I only wish I had discovered LAP a tad earlier. I really, really wish I could buy the book that Chris wishes he never printed: the “Book of Plates”. Any chance anyone who bought multiples back in ’19 wants to share … ?
There is a special edition Roubo book that i wish would have come out in about 2 years so i coupd afford it
Hi Louise, I have a copy I would be willing to sell you. Interested?
Yes! Shoot me an email with more details.
How difficult is it to drill more holes into the long part of the brass? Sort of like a speed square or a marking gauge for curved edges. Say, at 1/4″ intervals, for example to mark the spindle deck on a chair seat blank that is already cut out.
Easy. Brass is like a slightly hard but consistent wood. (Ipe is harder to drill into.) Make a centerpunch mark where you want to drill. Use a twist at low speed. You probably don’t even need to use lubricant with brass.
“You probably don’t even need to use lubricant . . . ” Boy, that phrase has gotten me into lots of trouble over the years.
Put a small blunt edge on the drill you use to prevent the drill from grabbing the brass on exiting the material. It is simple and there are plenty of diagrams and info on line. Mrpete222 probably has a good YouTube video showing the correct geometry for drill bits for use on brass.
Congratulations on Sharpen This. I wish I’d had this book 5, 10, 15 years ago. Not only would I have had sharper tools (and knives – the principles taught me more about knife sharpening than a thousand internet videos), but I’d have save a ton money on stuff that never got me any closer to “sharp”. Once again LAP rocks. Thanks!
All my tools are sharp. First time in 40 years. Thanks.
Haven’t read the book, but the video series is really great.

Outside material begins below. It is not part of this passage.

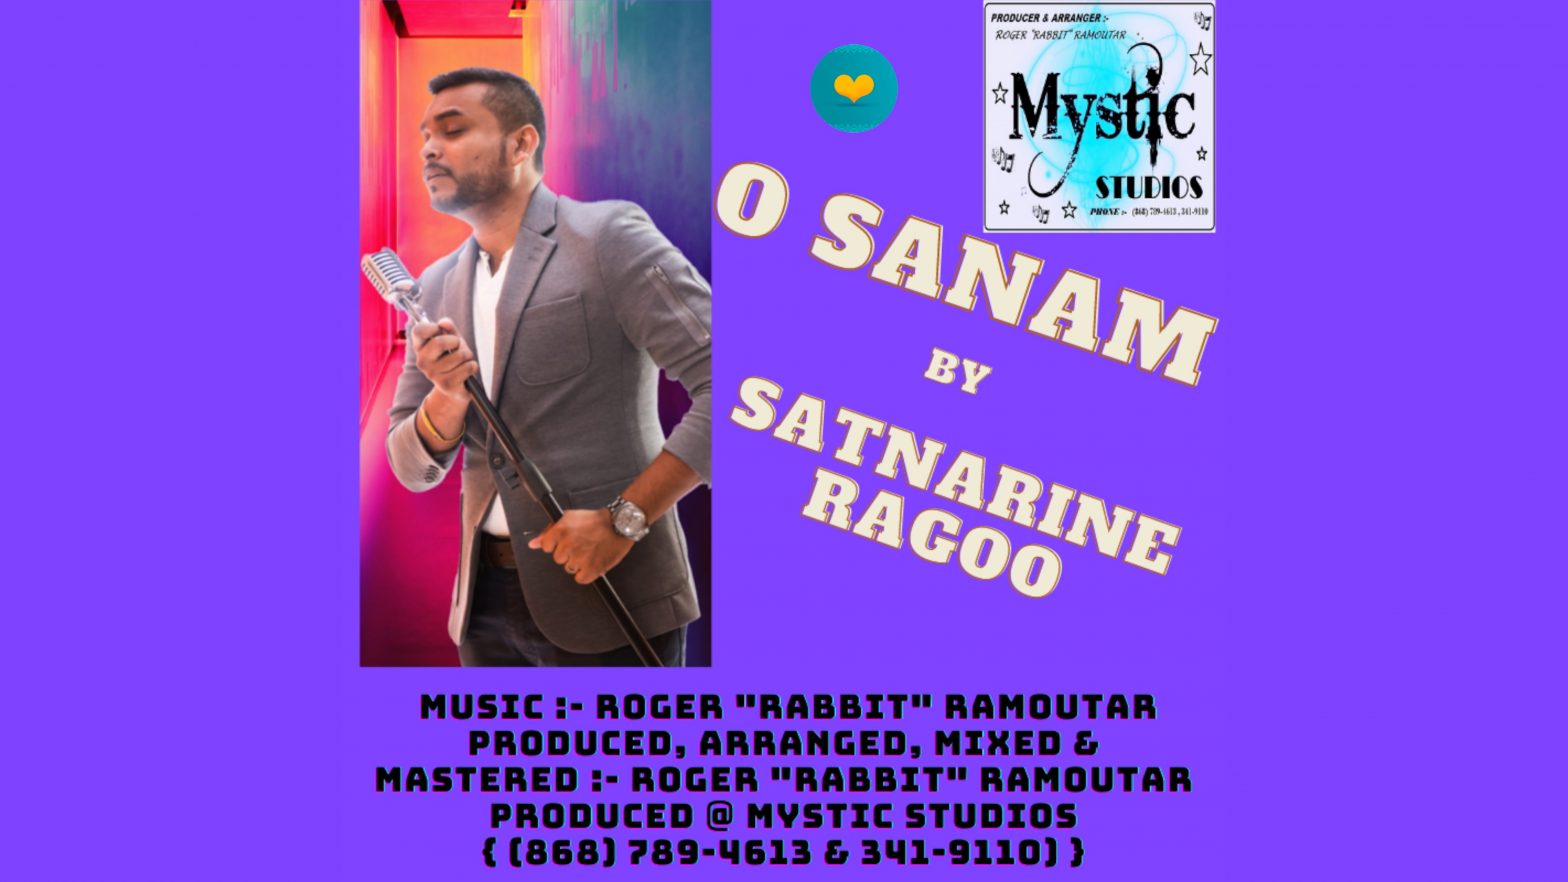 Satnarine Ragoo - O Sanam

I’ve been sharpening for a while and learned several new tricks. Some things you don’t even talk about, but I realized I’ve been doing in bone-headed way. For example, I never thought to wipe off the imbedded swarf with a shop towel. Is the book worth picking up if you’ve watched the videos?

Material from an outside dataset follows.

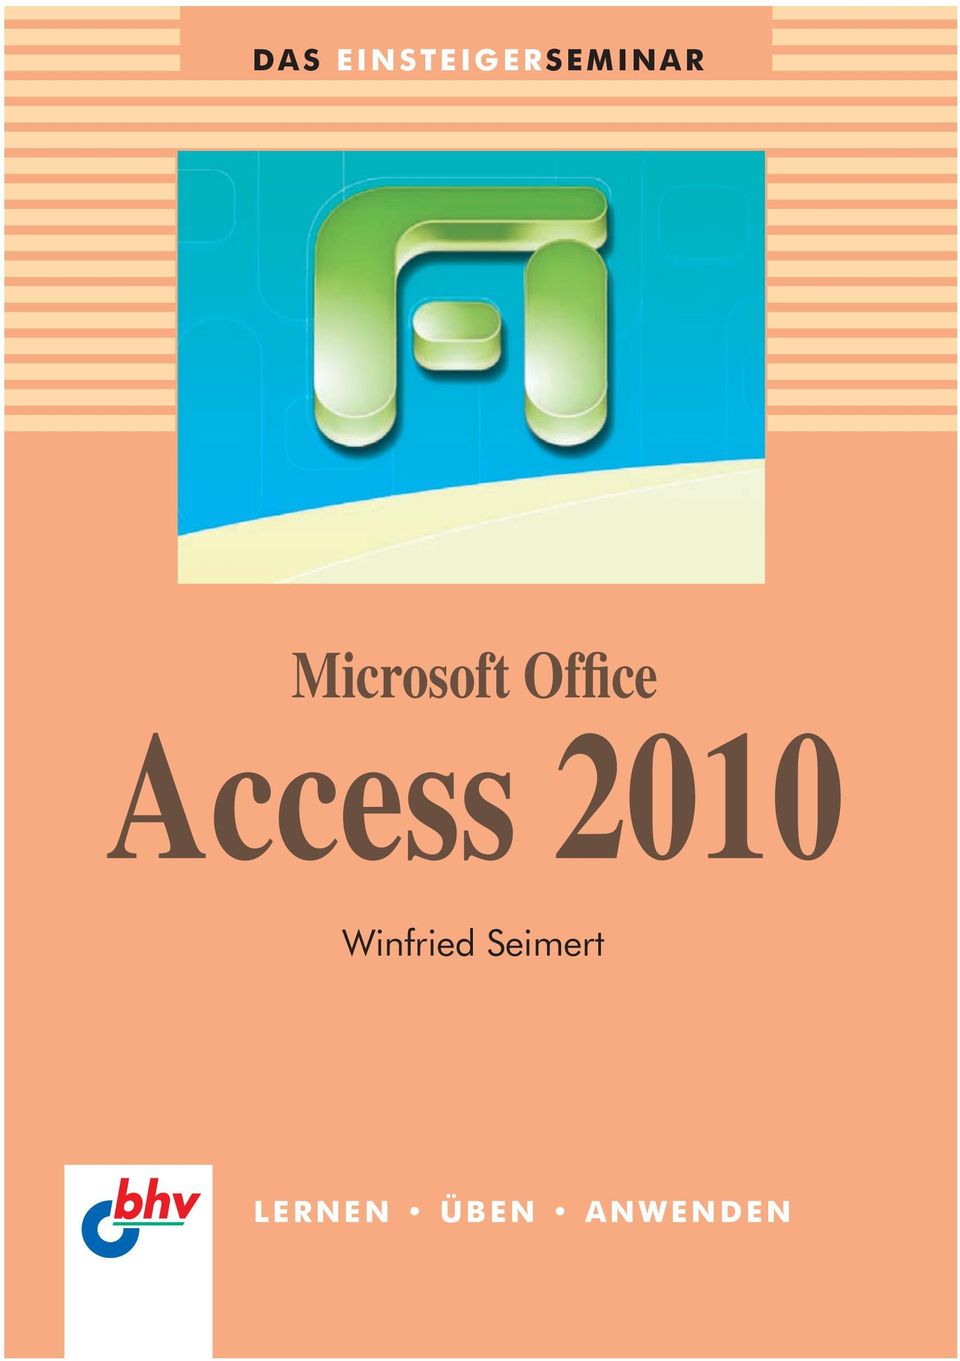 Access 2010 Winfried

Probably not? Hard for me to say. If your edges are sharp and you are happy, then skip the book.
I really enjoyed Sharpen This! and would not hesitate to recommend it to others. I think there’s an opportunity to talk about other sharpenable objects in another book if you wanted (saws, auger bits, etc) but maybe that’s at the point where far fewer people want the material and if they are willing to do it they are already figuring it out.
I can guarantee you would sell at least one more copy if you started international shipping options. Im from Israel and i dont have a local supplier. Sigh…
May I request, perhaps, a future blog entry- With regard to the centre square, I don’t seem to be able to get my head around your comment about bisecting on a curve. With the rounded bottom of the thick section, it looks like the blade could give an infinite number of lines across the curved work, so it’s hard to see where the accuracy comes from. What don’t I get?
“Once you understand that sharpening is merely polishing two surfaces until they have a zero radius intersection, you can sharpen anything.”
“He could sharpen an edge to separate a proton from its neutron, if needed.”
Those two statements, written well before “Sharpen This”, taken together comprise the fundamental key first-principle of all edge-tool sharpening. Everything else after that is tactics.
Hey Chris, what’s the reach of the smaller center square (bisecting an arm bow, for example)?
I just ordered Sharpen This, which I didn’t expect to be my first book from y’all. I’m very excited to get it!